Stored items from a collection
________________

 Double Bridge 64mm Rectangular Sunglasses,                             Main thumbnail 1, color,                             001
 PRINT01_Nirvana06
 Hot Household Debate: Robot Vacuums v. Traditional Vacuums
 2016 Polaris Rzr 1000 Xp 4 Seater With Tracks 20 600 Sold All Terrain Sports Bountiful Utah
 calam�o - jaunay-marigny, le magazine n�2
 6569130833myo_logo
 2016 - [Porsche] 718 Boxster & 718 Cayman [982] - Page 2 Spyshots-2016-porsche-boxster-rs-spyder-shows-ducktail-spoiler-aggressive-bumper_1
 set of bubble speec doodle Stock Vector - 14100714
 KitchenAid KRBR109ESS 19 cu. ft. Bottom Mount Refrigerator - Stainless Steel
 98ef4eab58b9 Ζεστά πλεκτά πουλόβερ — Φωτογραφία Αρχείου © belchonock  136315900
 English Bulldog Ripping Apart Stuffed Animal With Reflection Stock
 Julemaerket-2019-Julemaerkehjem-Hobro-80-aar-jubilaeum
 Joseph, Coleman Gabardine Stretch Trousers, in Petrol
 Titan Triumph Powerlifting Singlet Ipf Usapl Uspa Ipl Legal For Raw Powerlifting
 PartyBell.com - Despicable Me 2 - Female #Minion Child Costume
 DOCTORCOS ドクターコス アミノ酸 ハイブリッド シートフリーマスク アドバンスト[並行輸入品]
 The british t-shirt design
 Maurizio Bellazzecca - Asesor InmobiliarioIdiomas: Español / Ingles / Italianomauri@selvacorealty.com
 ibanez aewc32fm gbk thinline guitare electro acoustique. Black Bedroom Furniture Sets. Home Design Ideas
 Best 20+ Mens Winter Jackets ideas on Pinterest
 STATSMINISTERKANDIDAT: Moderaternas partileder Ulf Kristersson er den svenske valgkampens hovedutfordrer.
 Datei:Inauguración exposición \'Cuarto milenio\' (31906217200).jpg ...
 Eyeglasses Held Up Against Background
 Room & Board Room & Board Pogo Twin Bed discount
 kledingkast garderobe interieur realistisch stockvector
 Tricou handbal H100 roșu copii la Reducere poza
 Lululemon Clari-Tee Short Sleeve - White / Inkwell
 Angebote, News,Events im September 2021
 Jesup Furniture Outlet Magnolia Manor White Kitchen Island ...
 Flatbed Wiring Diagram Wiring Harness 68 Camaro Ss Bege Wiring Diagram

________________

▶ **YOUR TASK**:
Write out the data a second time, exactly the same.

▶ **WRITTEN REPLY**:
 Double Bridge 64mm Rectangular Sunglasses,                             Main thumbnail 1, color,                             001
 PRINT01_Nirvana06
 Hot Household Debate: Robot Vacuums v. Traditional Vacuums
 2016 Polaris Rzr 1000 Xp 4 Seater With Tracks 20 600 Sold All Terrain Sports Bountiful Utah
 calam�o - jaunay-marigny, le magazine n�2
 6569130833myo_logo
 2016 - [Porsche] 718 Boxster & 718 Cayman [982] - Page 2 Spyshots-2016-porsche-boxster-rs-spyder-shows-ducktail-spoiler-aggressive-bumper_1
 set of bubble speec doodle Stock Vector - 14100714
 KitchenAid KRBR109ESS 19 cu. ft. Bottom Mount Refrigerator - Stainless Steel
 98ef4eab58b9 Ζεστά πλεκτά πουλόβερ — Φωτογραφία Αρχείου © belchonock  136315900
 English Bulldog Ripping Apart Stuffed Animal With Reflection Stock
 Julemaerket-2019-Julemaerkehjem-Hobro-80-aar-jubilaeum
 Joseph, Coleman Gabardine Stretch Trousers, in Petrol
 Titan Triumph Powerlifting Singlet Ipf Usapl Uspa Ipl Legal For Raw Powerlifting
 PartyBell.com - Despicable Me 2 - Female #Minion Child Costume
 DOCTORCOS ドクターコス アミノ酸 ハイブリッド シートフリーマスク アドバンスト[並行輸入品]
 The british t-shirt design
 Maurizio Bellazzecca - Asesor InmobiliarioIdiomas: Español / Ingles / Italianomauri@selvacorealty.com
 ibanez aewc32fm gbk thinline guitare electro acoustique. Black Bedroom Furniture Sets. Home Design Ideas
 Best 20+ Mens Winter Jackets ideas on Pinterest
 STATSMINISTERKANDIDAT: Moderaternas partileder Ulf Kristersson er den svenske valgkampens hovedutfordrer.
 Datei:Inauguración exposición \'Cuarto milenio\' (31906217200).jpg ...
 Eyeglasses Held Up Against Background
 Room & Board Room & Board Pogo Twin Bed discount
 kledingkast garderobe interieur realistisch stockvector
 Tricou handbal H100 roșu copii la Reducere poza
 Lululemon Clari-Tee Short Sleeve - White / Inkwell
 Angebote, News,Events im September 2021
 Jesup Furniture Outlet Magnolia Manor White Kitchen Island ...
 Flatbed Wiring Diagram Wiring Harness 68 Camaro Ss Bege Wiring Diagram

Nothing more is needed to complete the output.